Exploring Dominant Spatial Patterns with a Single Variable

In this post, we delve into the formal exploration of dominant spatial patterns, particularly in the context of climate research.

Understanding Spatial Patterns

In climate research, the interpretation of physical phenomena and spatial variations often involves the application of dominant spatial patterns. For instance, consider the two major spatial patterns (modes) of sea surface temperature in the Indian Ocean: the basin mode and the dipole mode.

Basin mode

Dipole mode

These patterns play a crucial role in deciphering the spatial variation of climate variables, such as sea surface temperature, with implications for phenomena like El Niño–Southern Oscillation (ENSO).

Mathematical Formalization of Spatial Patterns

Spatial Process of Interest

Let’s consider a spatial process denoted as $\{\eta_i(\cdot); i = 1,\dots, n\}$ representing a climate variable over a region $D \subset \mathbb{R}^d$ at $n$ different time points. The process is assumed to be mean zero, mutually uncorrelated, and characterized by a common covariance function.

For example, we are interested in studying sea surface temperature monthly anomalies in the Indian Ocean during Jan., 2010 to Dec. 2016, formally. Then, we can define $\eta_i(\cdot)$ as a sea surface temperature monthly anomaly, $D$ as Indian Ocean (with blue color in the following plot), $n = 12\times 7$.

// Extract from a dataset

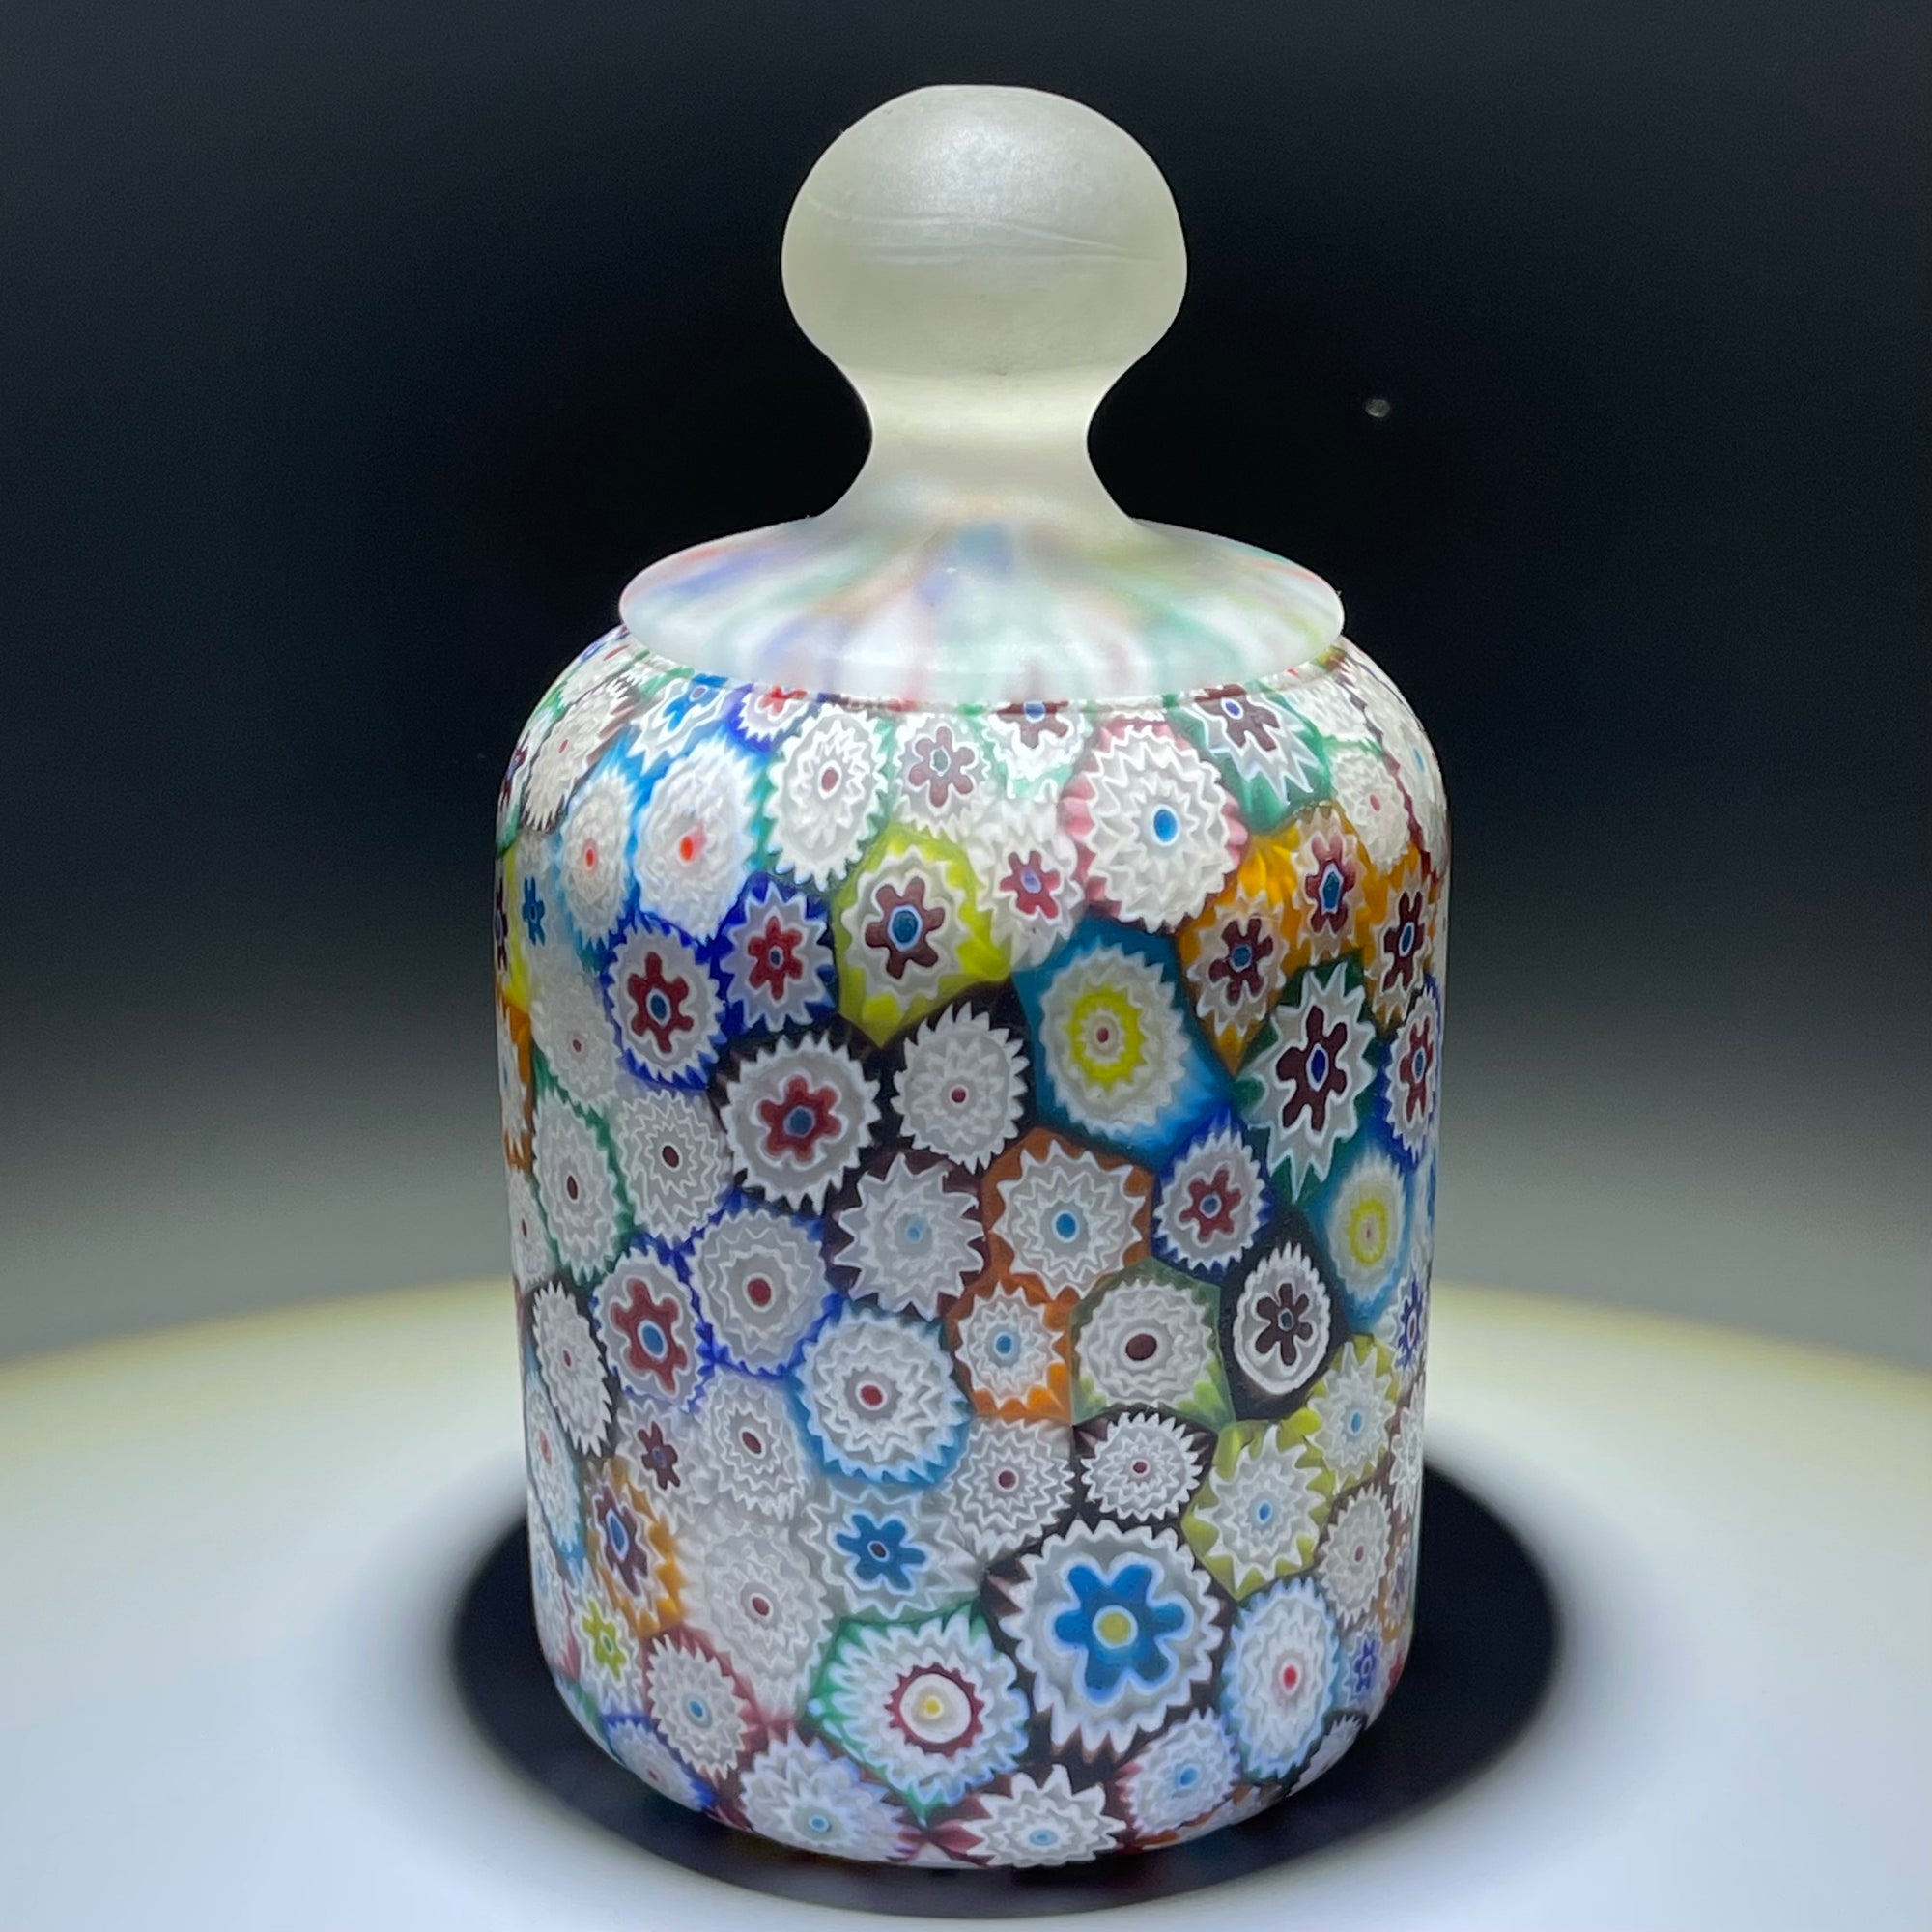 Vintage Murano Fratelli Toso Hollow Blown Millefiori Glass Art Paperweight with Applied Knob

A spatial process in the Indian Ocean

Observed Data

Observations are available at $p$ locations, denoted as $s_1, \dots, s_p$. The observed data at these locations are defined as $Y_i(s_j) = \eta_i(s_j) + \epsilon_{ij},$ where $\epsilon_{ij}$ represents white noise with mean zero and covariance $\sigma^2$ for $i =1,\dots,n$ and $j = 1, \dots,p$.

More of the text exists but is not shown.